Chicken Breeds: Asil or Aseel

Creative Commons-licensed image courtesy of Flickr user mjc2010
Creative Commons-licensed image courtesy of Flickr user mjc2010

The Aseel or Asil is an ancient chicken breed developed in India primarily as a fighting bird. This breed was developed between 2500 and 3000 years ago, and takes a lot of special handling.

Today there are hundreds of sub-types of Asil chickens in India. The colors vary widely by breed, in every spectrum of the chicken rainbow. The Asil are closely related to the Malay and other tropical Asian breeds of chicken.

Like other hot climate breeds, Asil are closely-feathered, with small (pea) combs, a very upright stance, and glossy feathers. They handle hot weather, particularly humid tropical summers, very well. However, they are not suitable for colder climates.
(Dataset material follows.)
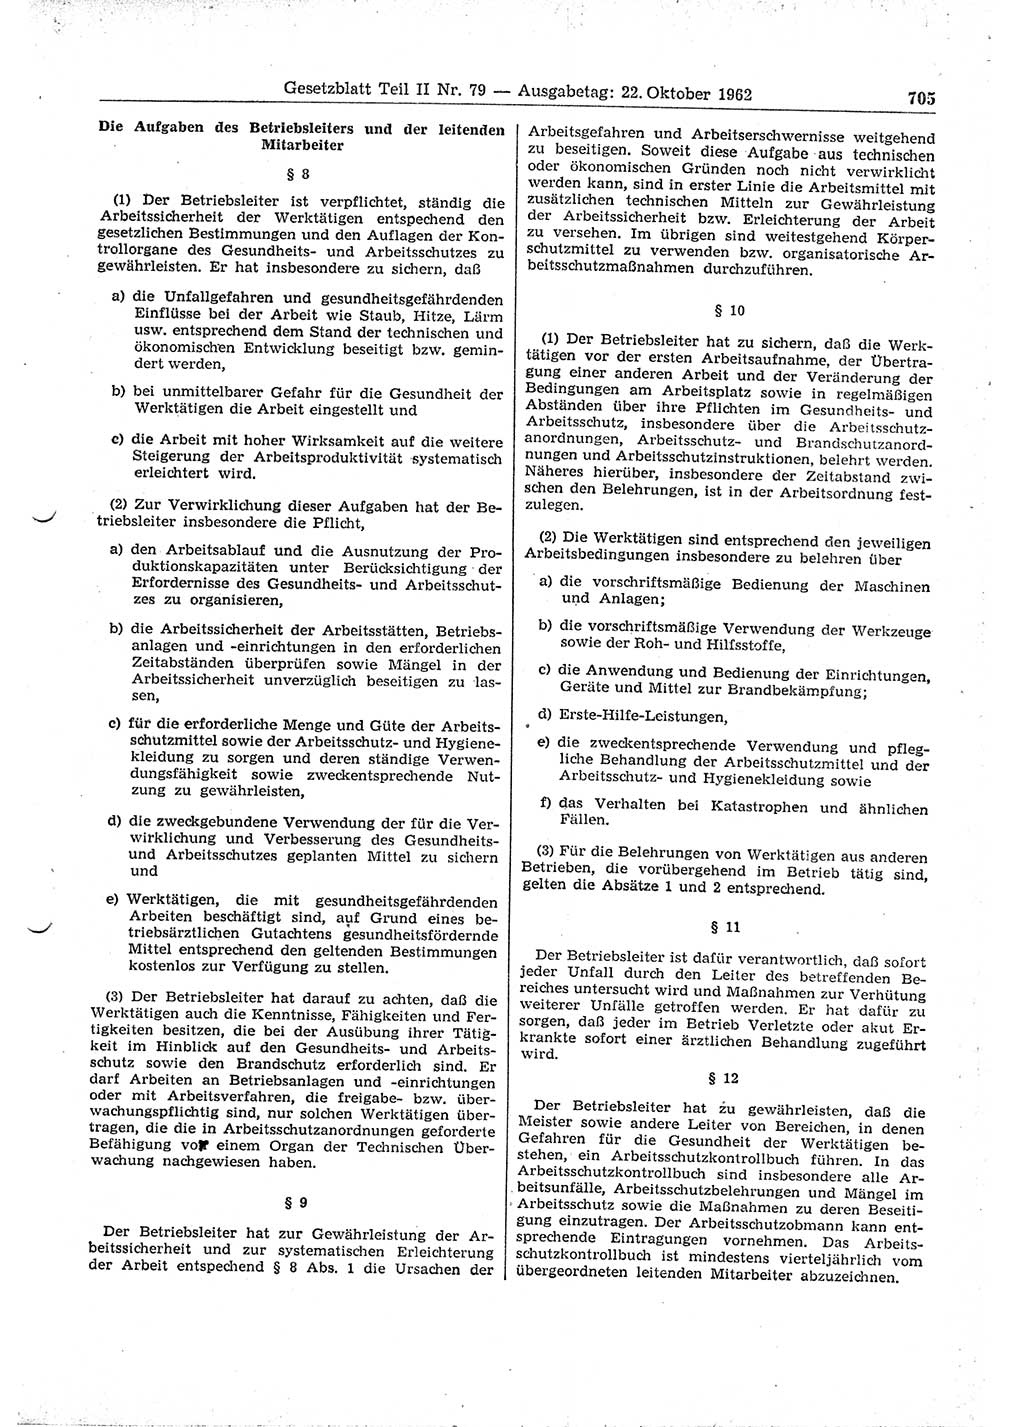 Gesetzblatt (GBl.) der Deutschen Demokratischen Republik (DDR) Teil ⅠⅠ 1962, Seite 705 (GBl. DDR ⅠⅠ 1962, S. 705)

As a fighting bird, the Asil roosters must be kept separate from each other. This violence can even manifest when the birds are chicks. Asil roosters will fight to the death, as they have been bred for specifically this purpose. Asil hens can be aggressive, as well. Most Asil breeders keep the birds in pairs (one rooster and one hen), individually caged and kept apart from the others.

Asil are not very good at laying eggs. A hen will lay between 5 and 40 eggs per year. Interesting to think that this is probably the original production output for the domesticated chicken’s wild predecessors.